▸ TASK: Nothing but the records, copied exactly and stripped of pictures, should be in the answer.

*** INPUT FOR THIS TASK Section Begins ***

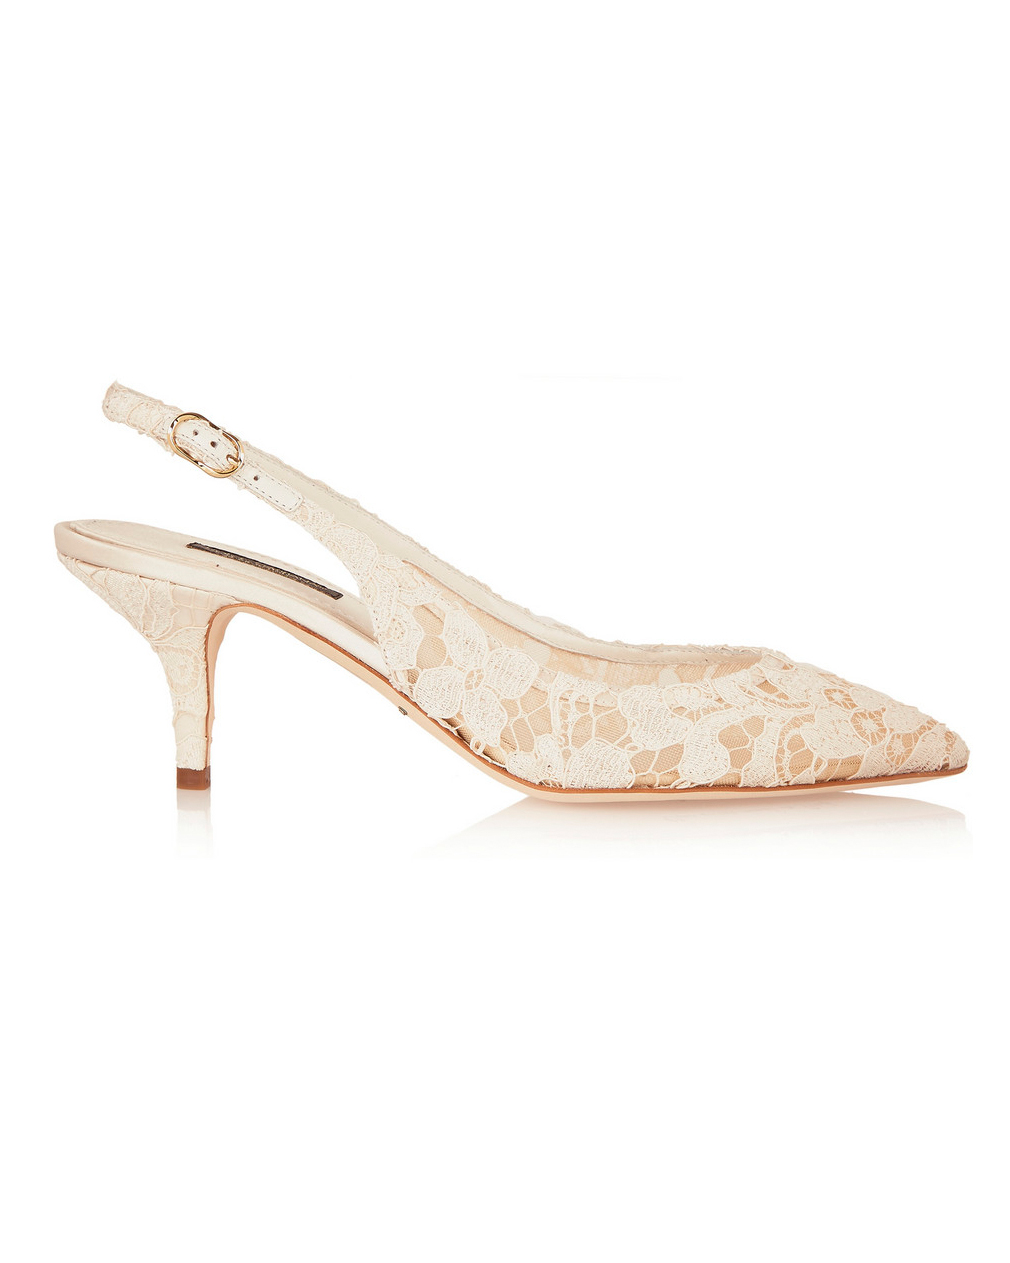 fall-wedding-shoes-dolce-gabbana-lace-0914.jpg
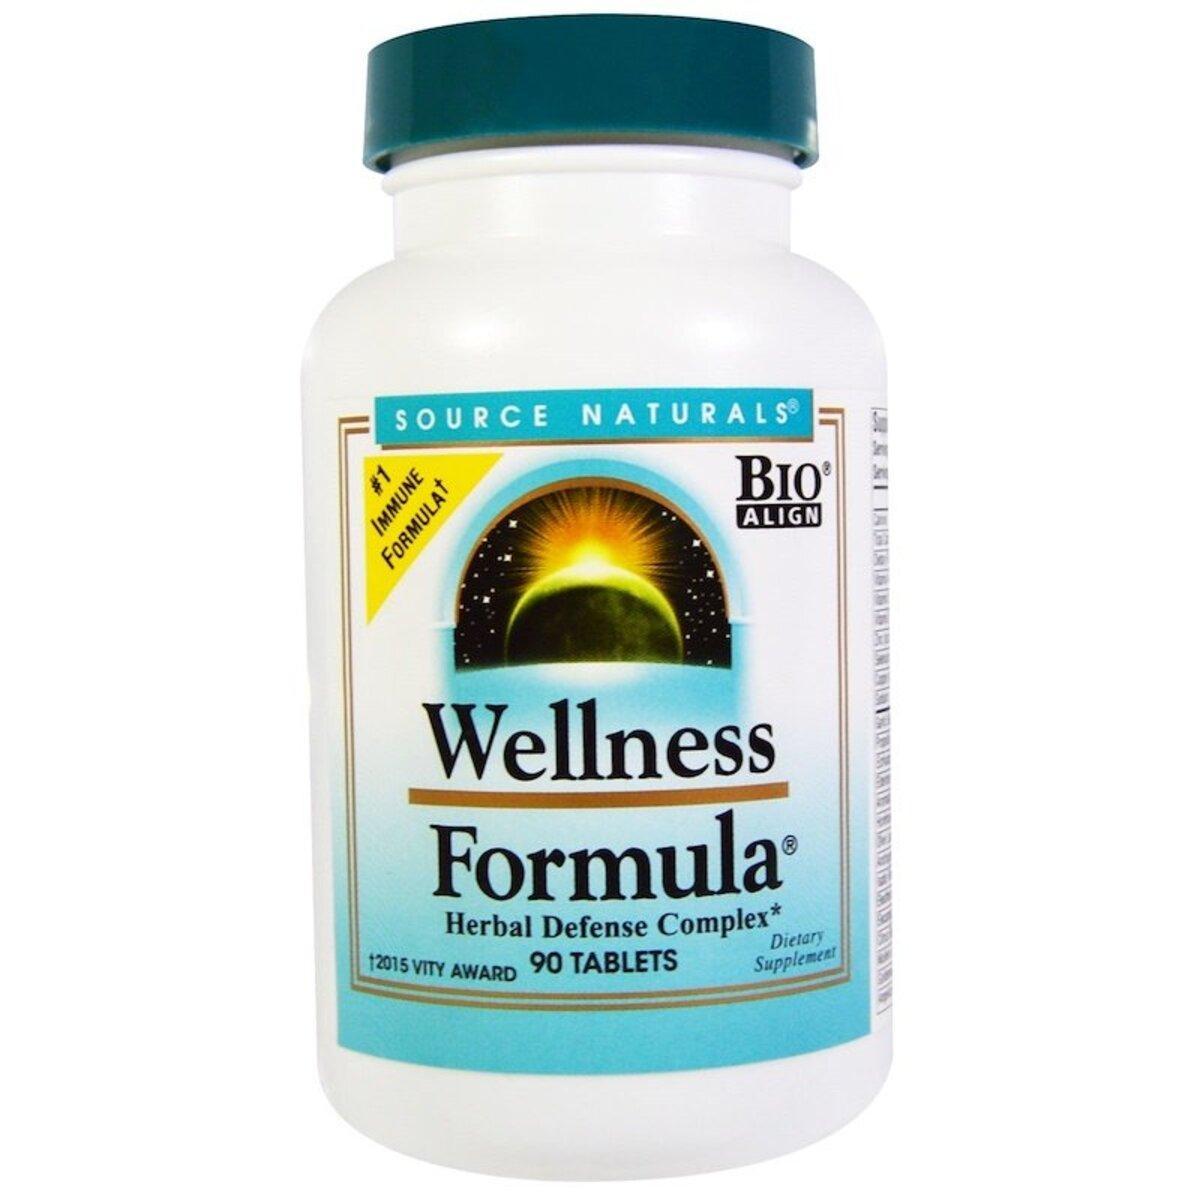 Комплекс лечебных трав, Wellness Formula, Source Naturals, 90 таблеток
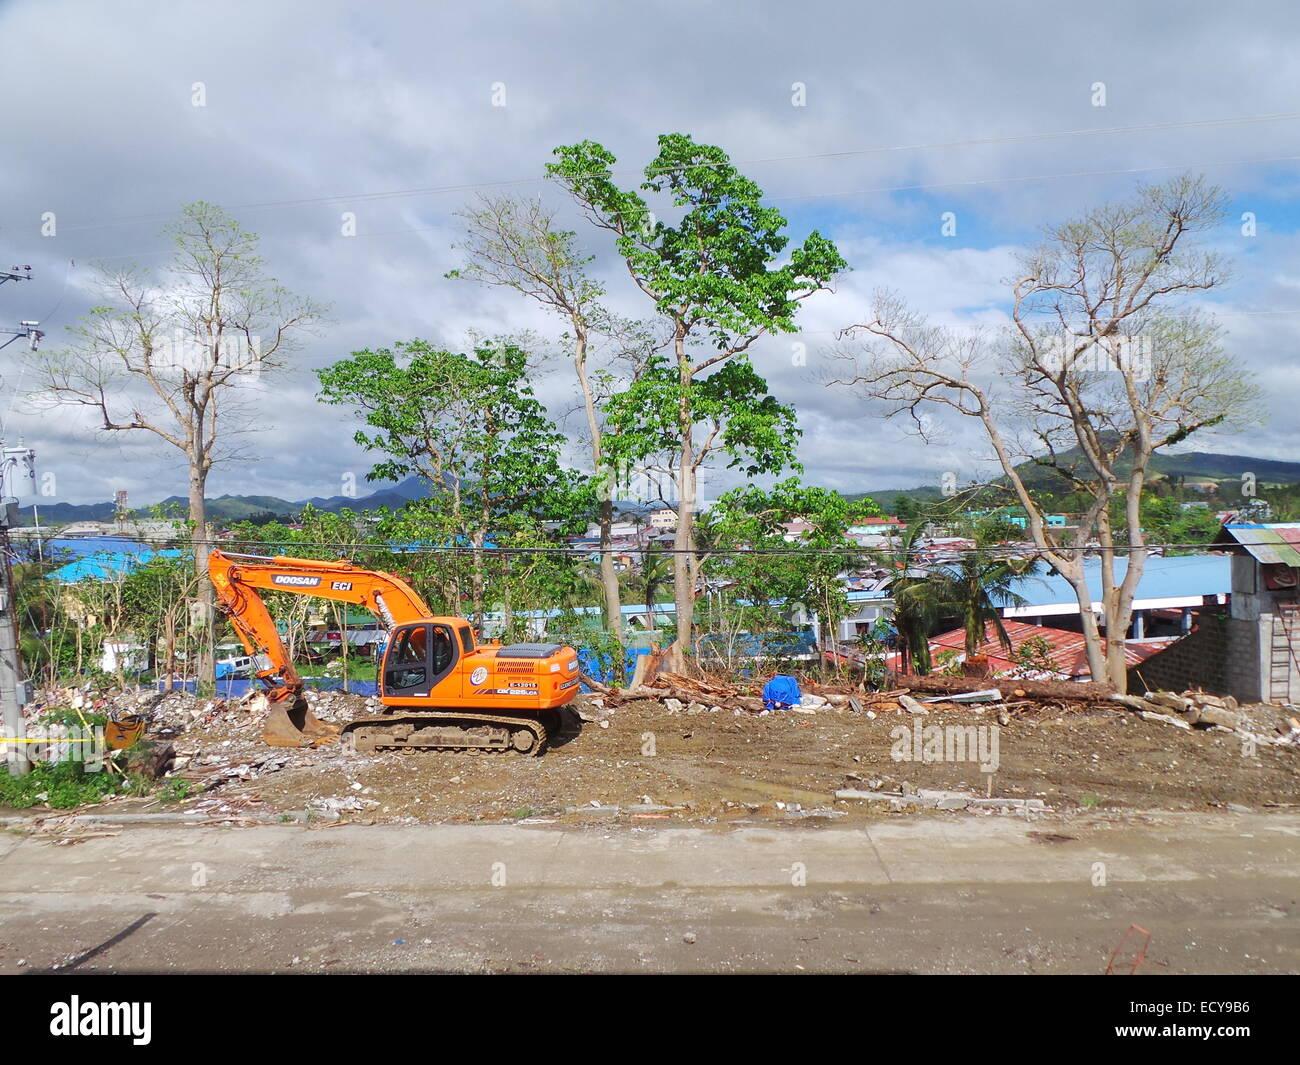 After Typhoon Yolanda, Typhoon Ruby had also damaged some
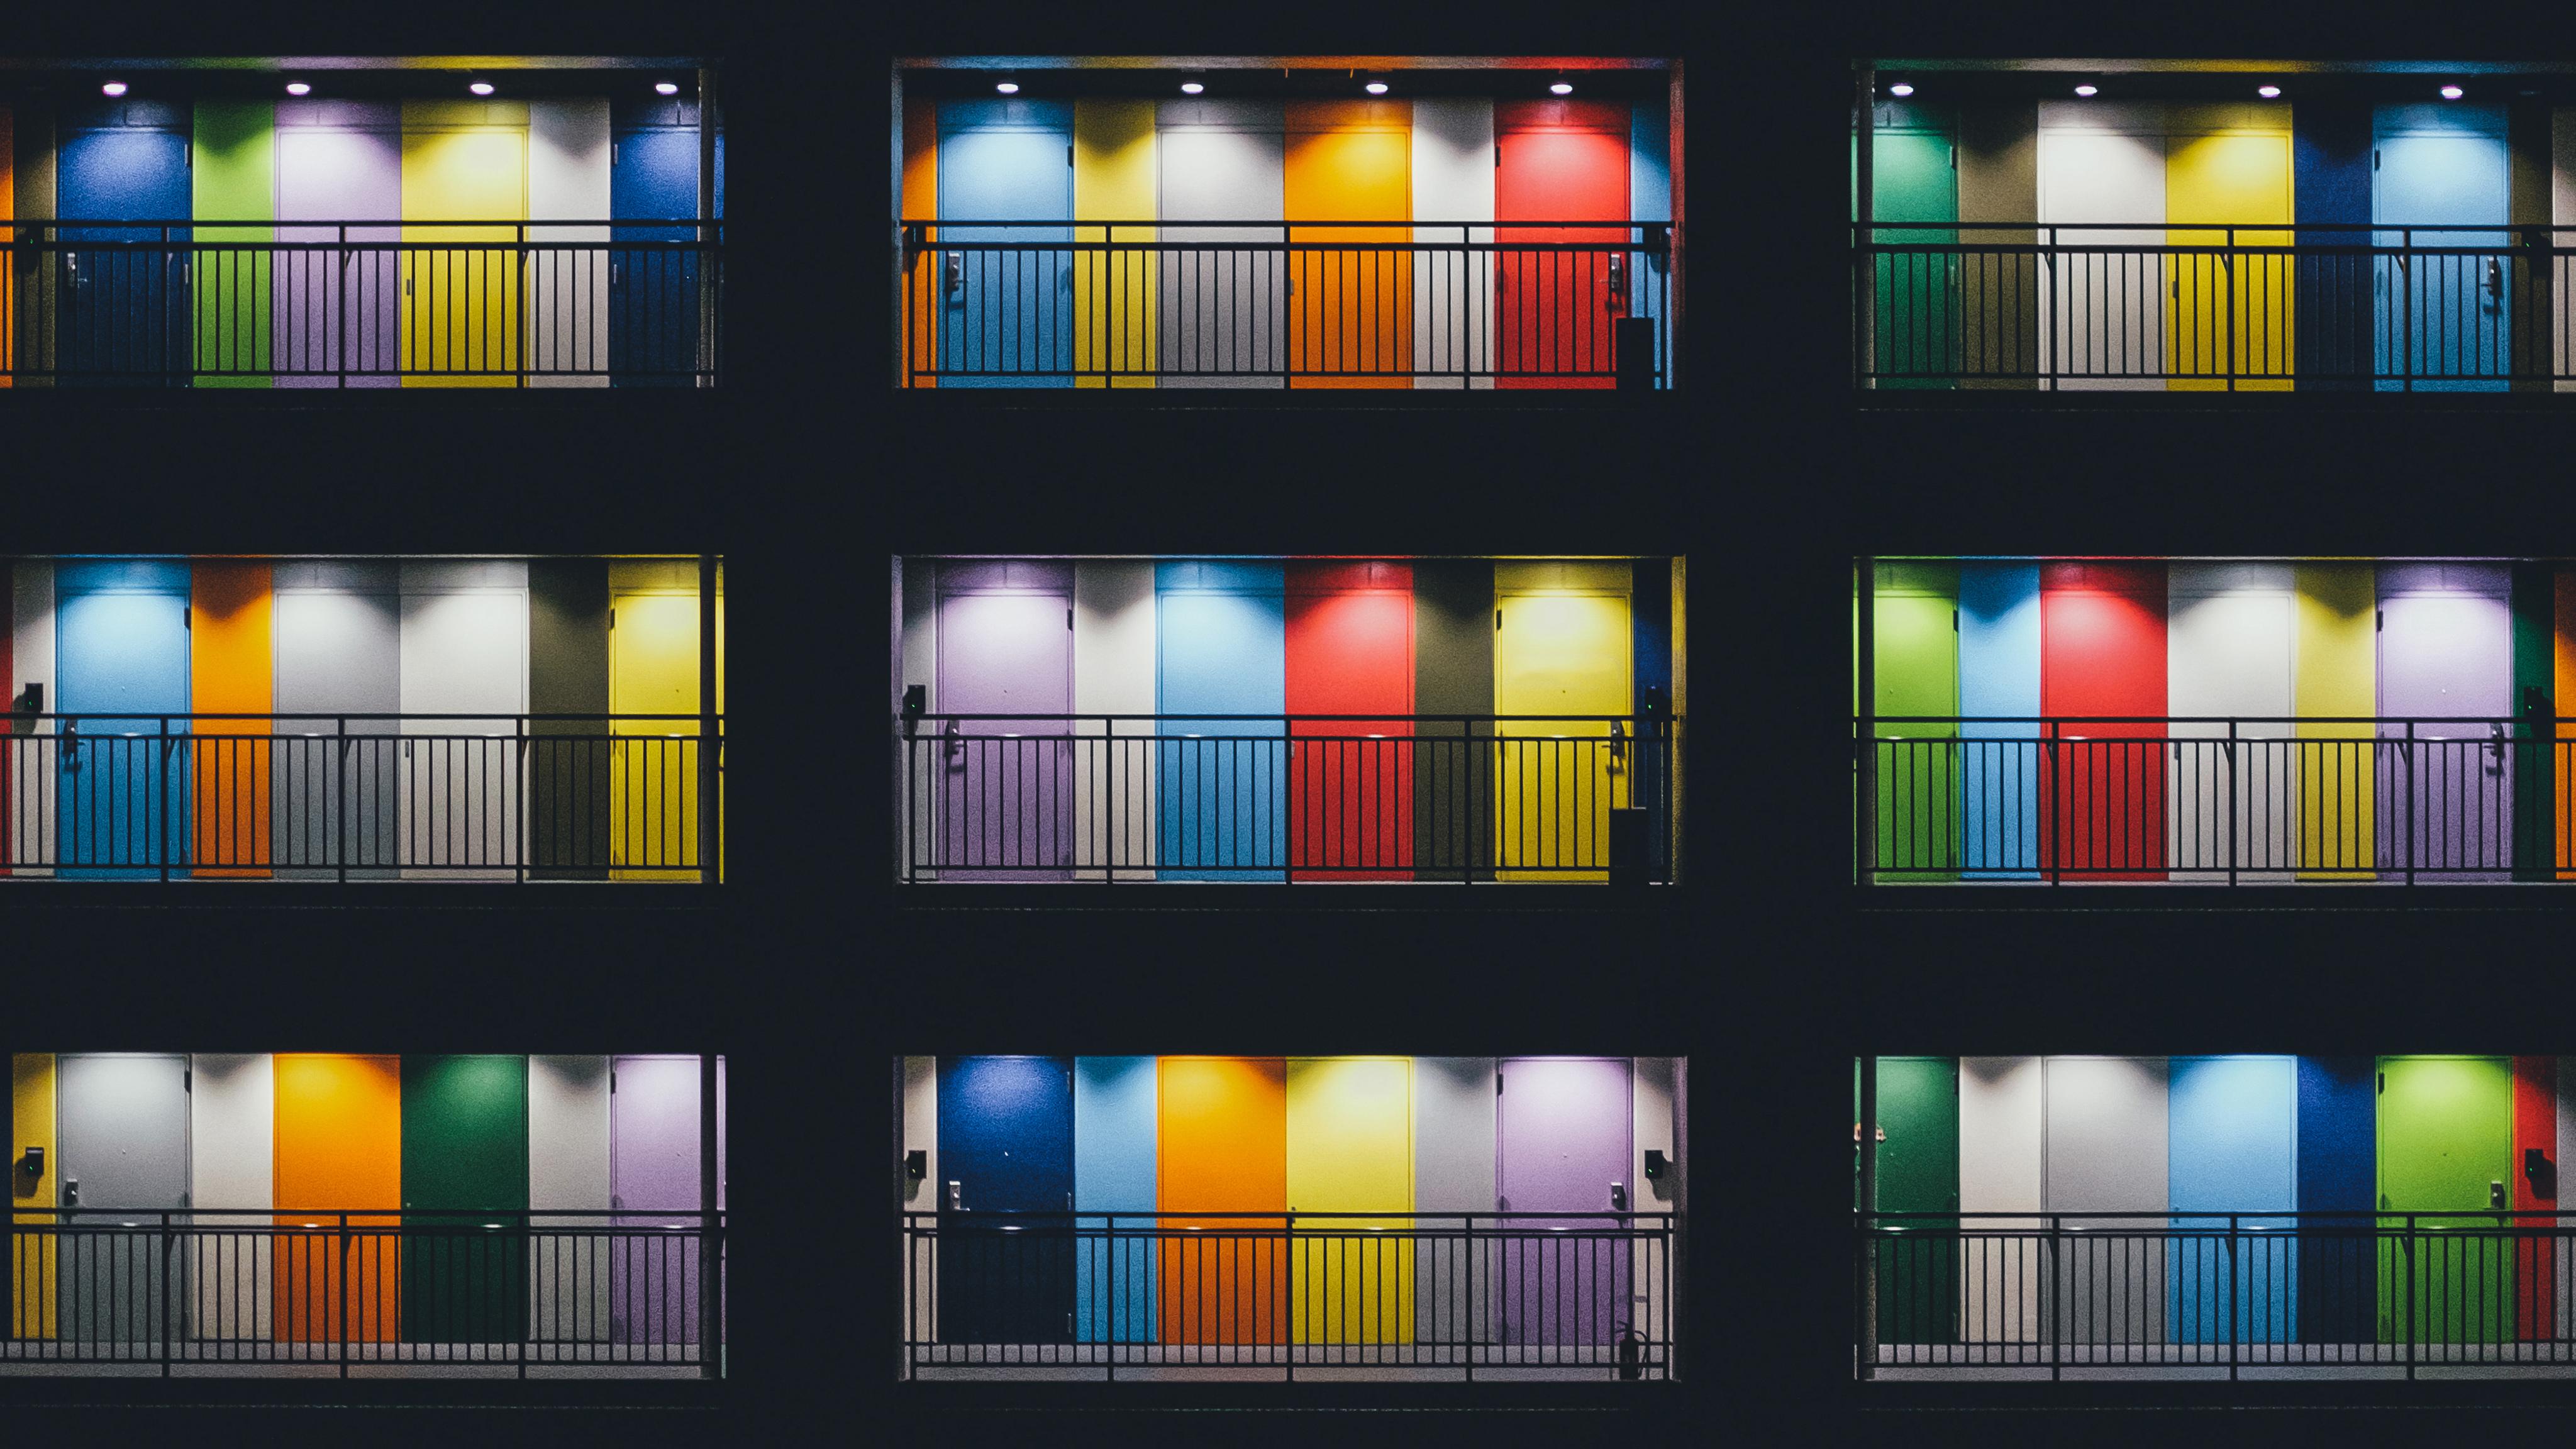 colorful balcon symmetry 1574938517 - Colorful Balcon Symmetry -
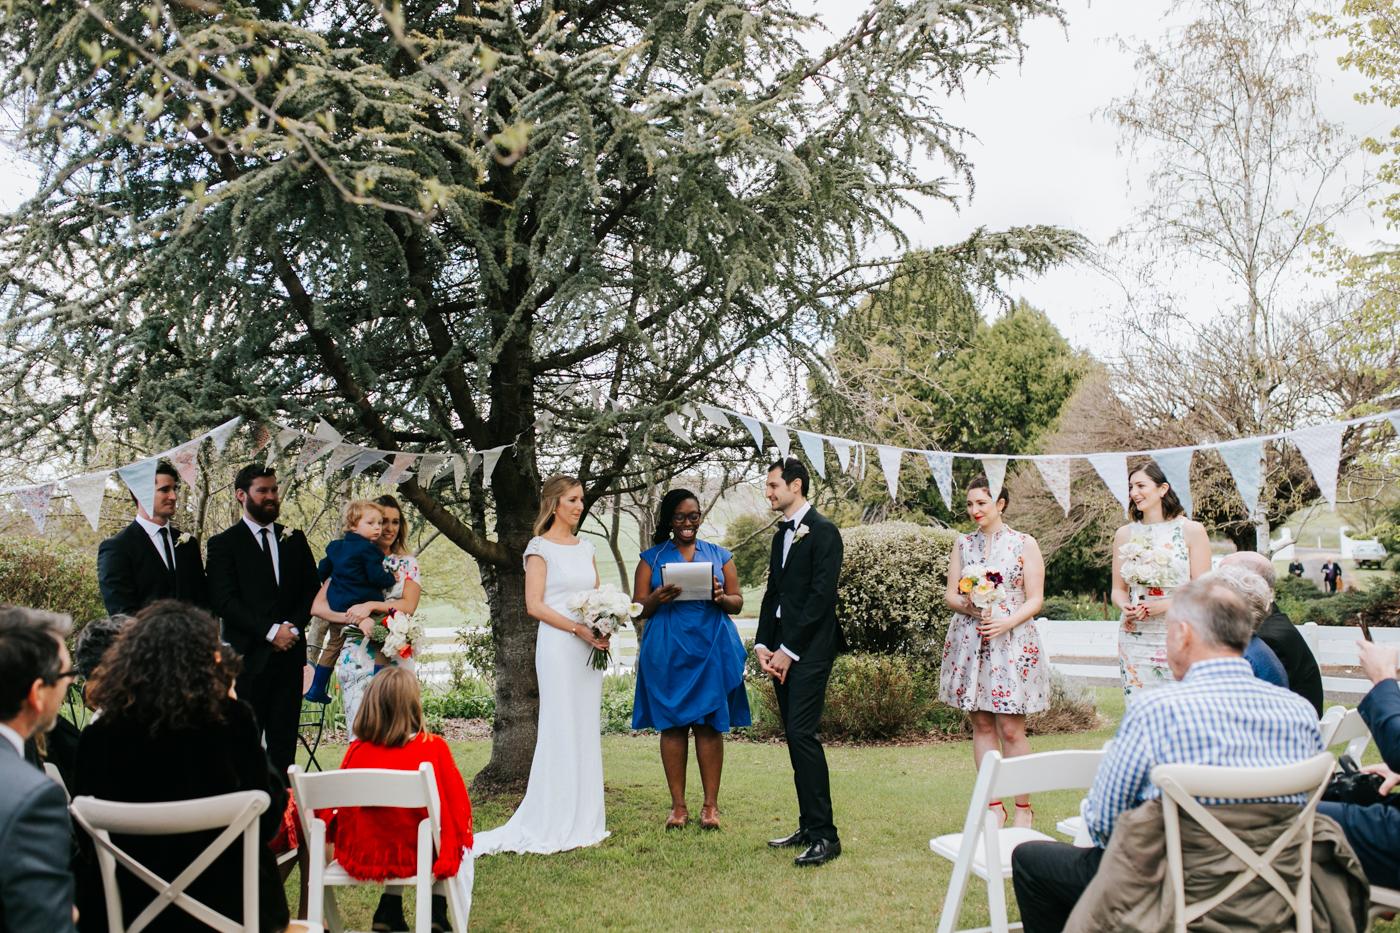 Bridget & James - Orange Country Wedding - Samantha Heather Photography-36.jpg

*** INPUT FOR THIS TASK Section Ends ***

▸ RESULT OF THIS TASK:
 fall-wedding-shoes-dolce-gabbana-lace-0914.jpg
 Комплекс лечебных трав, Wellness Formula, Source Naturals, 90 таблеток
 After Typhoon Yolanda, Typhoon Ruby had also damaged some
 colorful balcon symmetry 1574938517 - Colorful Balcon Symmetry -
 Bridget & James - Orange Country Wedding - Samantha Heather Photography-36.jpg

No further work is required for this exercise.